Washington Times on March 8, 2016, published a review by Paul Hollander of Richard Pipes new book Alexander Yakovlev: The Man Whose Ideas Delivered Russia from Communism. Excerpts below:
It is my guess that 99 percent of college-educated Americans never heard of Alexander Yakovlev, high-ranking member of the Soviet ruling elite for much of his life and major architect of the reforms associated with Mikhail Gorbachev. Richard Pipes, the distinguished American historian of Soviet Russia, provides a notable scholarly and public service by writing his first biography that carefully follows every major stage in Yakovlev’s career and political-ideological evolution.
Yakovlev’s great historical role has been to provide crucial ideological support for Mr. Gorbachev’s policies known as glasnost (openness) and perestroika (restructuring), which unintentionally undermined the system and hastened its disintegration. As Mr. Pipes points out, Yakovlev “was the only high official in Russian history to have advocated, and in part successfully implemented, the entire panoply of Western political values … . He was the inspirer of Gorbachev’s reforms.”

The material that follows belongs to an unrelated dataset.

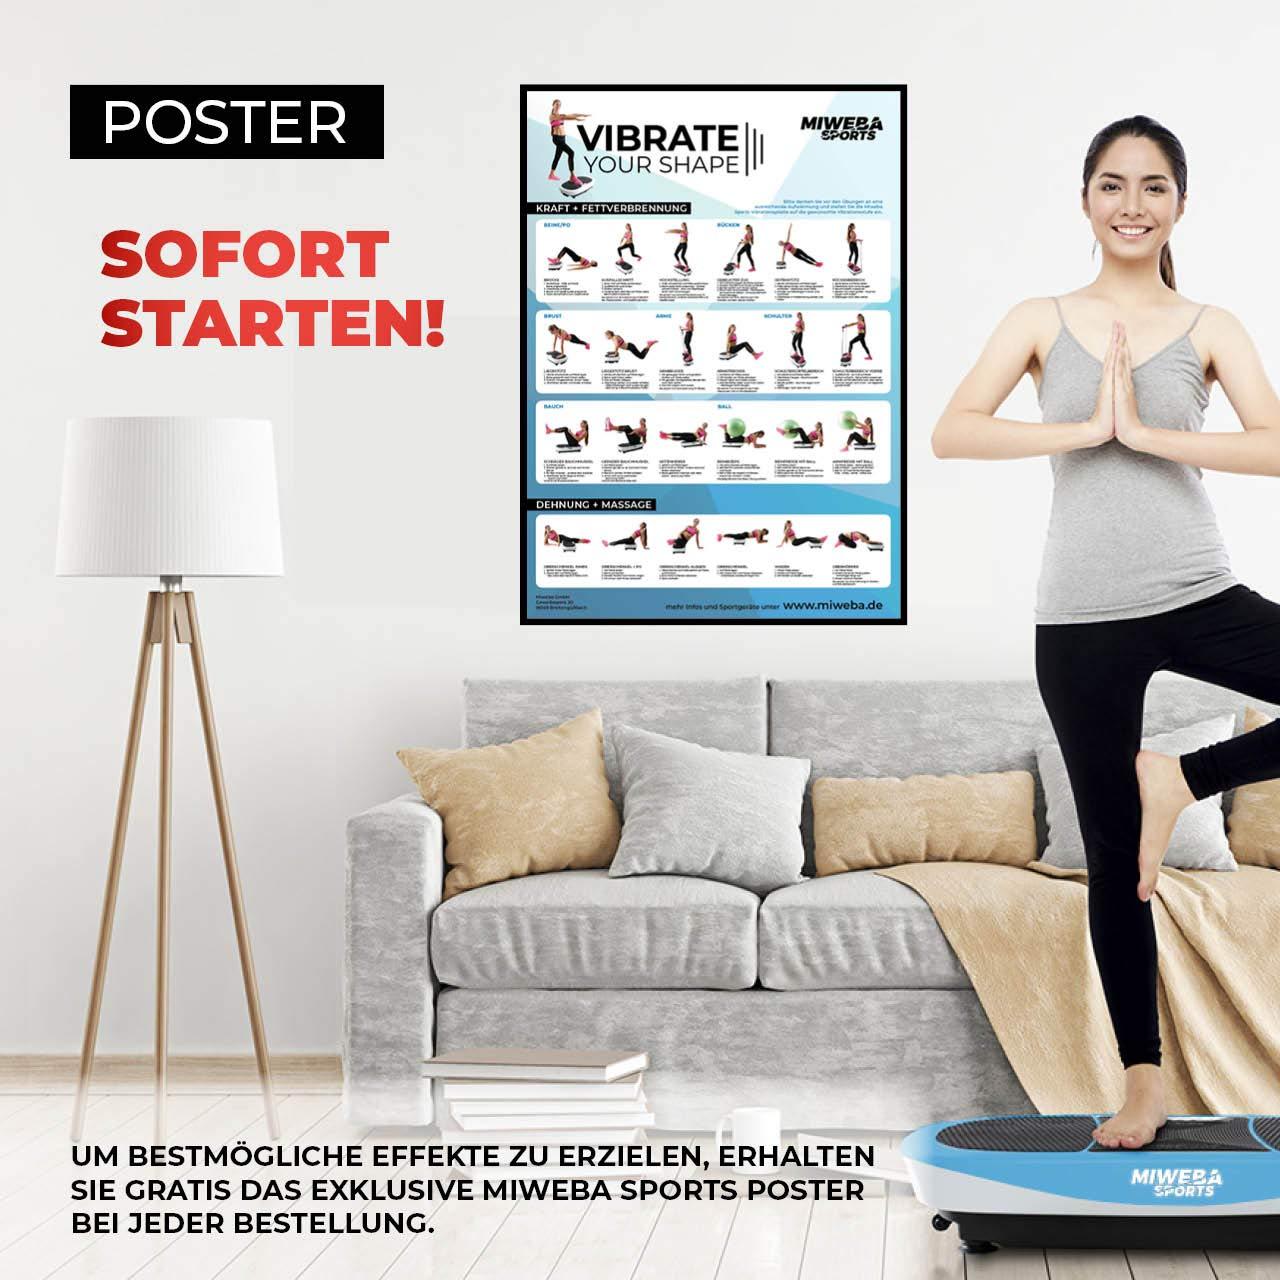 Vertikal 400 Watt Oszillierend Miweba Sports Fitness 3D Vibrationsplatte MV200-3 Vibrationsmodi Horizontal

The historical importance of Yakovlev is not limited to his contributions to changing the Soviet system. Equally significant is that he ultimately came to reject it in its entirety, including its Marxist theoretical foundations, without any reservations. He reached the conclusion that “a society built on violence and fear could not be reformed” .
It was during his studies at the Academy of Social Sciences of the Central Committee of the Party that he “came to understand fully the hollowness and impracticability of Marxism-Leninism, its inhumanity, its artificiality, its inherent contradictions, demagoguery and prognostic fraud.”
Two…unusual chapters in his life probably exerted a durable influence on his outlook. One was a year in 1958 spent at Columbia University as a Fulbright scholar studying Roosevelt’s policies related to the New Deal. Strangely enough, following his return he retained what Mr. Pipes calls an “obsessive hostility to the United States.” The latter remains difficult to reconcile with his subsequent commitment to the Westernization and democratization of the Soviet Union and his belief in the importance of private property.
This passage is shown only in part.